Night Swarm’s presentation does a lot of heavy lifting for the overall experience. From the moment you drop into a run, the voice acting, stylized visuals, and loud screen-filling effects all work together to sell the fantasy of being an upcoming vampire lord. It is not the most technically impressive game out there, but the way it sounds and looks moment to moment gives it a strong identity and helps keep the grind from feeling flat, at least for the first few dozen hours.
Voice Acting
Night Swarm is fully voice-acted, which gives the game more personality than a lot of survivor-likes. Each character has a distinct vibe and, while the performances aren’t mind-blowing, they land in a nice, sweet spot. They sell the tone without tipping over into full camp, which fits the game’s mix of grim setting and goofy over-the-top carnage.
Graphics
Night Swarm uses a gritty cel-shaded 3D style with an isometric camera, and it works really well for the survivor-like genre. The comic-book look keeps enemies and attack effects readable at a glance, and even after dozens of hours, I still liked watching waves of werebeasts pop under all the particle spam.
That said, the screen can get very busy late in a run.
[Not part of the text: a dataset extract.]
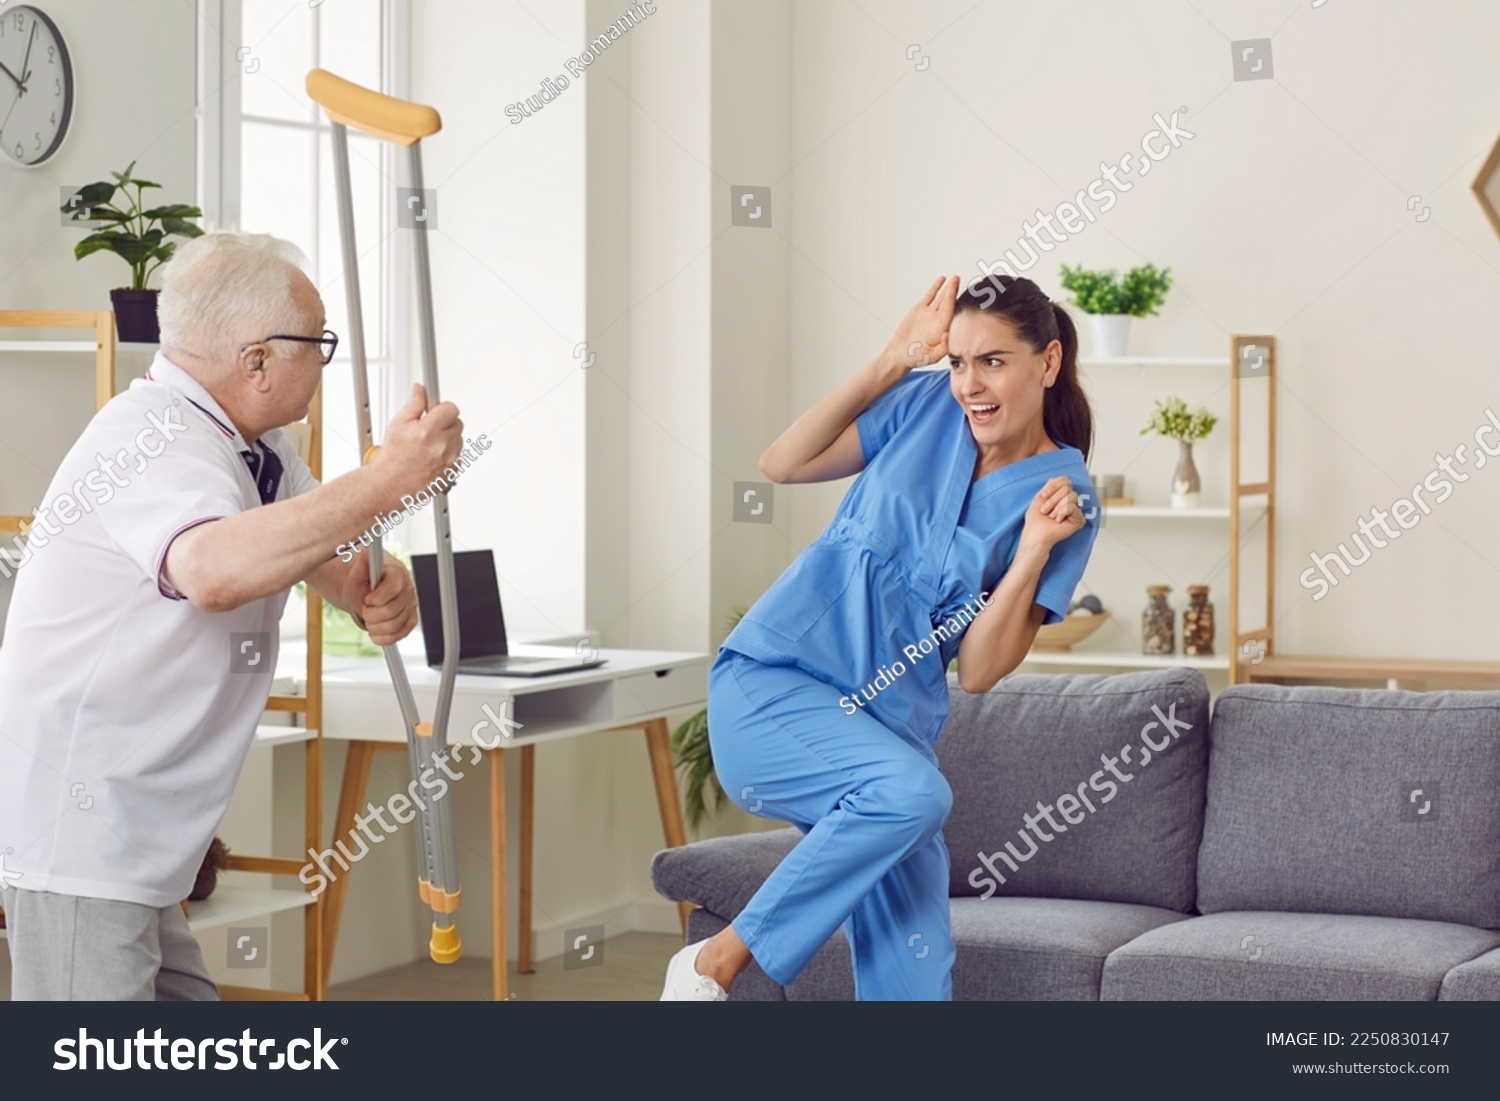 Angry aggressive elderly man threatening to his caregiver woman. Elderly patient suffering from mental disability threatening with crutch to frightened nurse. Professional medical help and support #2250830147

Projectiles, spell effects, and mobs can blend together, especially in boss fights. Being able to lower the opacity of certain effects is a lifesaver. After around 40 hours, I basically considered that tweak mandatory for bosses, since attack indicators can get lost in the chaos and lead to cheap deaths if you stick with the default settings.
Music
The soundtrack starts strong and fits the vibe, but it loops often and can wear out its welcome if you grind for hours. After a while, especially once I got deeper into my 40 hours with the game, I caught myself muting the music during runs and only turning the volume back up for character interactions and story moments.
The Relic System and The Hunter’s Doctrine

The relic system is the heart of this Night Swarm review, and after around 40 hours it is where I had some of my best runs and some of my biggest frustrations.
Active Relics
Active Relics are your main attacks in Night Swarm. You start with a basic set and unlock more by completing objectives. You can equip up to four Active Relics at once and upgrade stats like damage, range, speed, and cooldown. Once two Active Relics hit level 10, you can fuse them into something stronger, which is where a lot of the relic system really opens up.
On paper, it is great, but there is a catch. You are required to run with at least 7 Active and 7 Passive Relics, for a total of at least 14. With 27 Active and 21 Passive Relics in the pool, that does help narrow what shows up when you level, but the RNG can still be rough. There were plenty of runs where I could not finish the fusions I wanted because the right relic never appeared or showed up way too late on higher difficulties.
Fusible Relics
Fusible Relics are powerful attacks created by combining specific pairs of level 10 Active Relics. There are currently 13 of these in Night Swarm. When you fuse two relics, you free up a relic slot again, so fusing twice in a run opens two more slots for fresh attacks and more experimentation.
Chasing these fusions is one of the most fun parts of the relic system, but the forced relic minimum sometimes pushes you into picking relics you do not actually want, just to keep the run legal. It can make the system feel restrictive instead of empowering when a perfect fusion path gets derailed by bad rolls.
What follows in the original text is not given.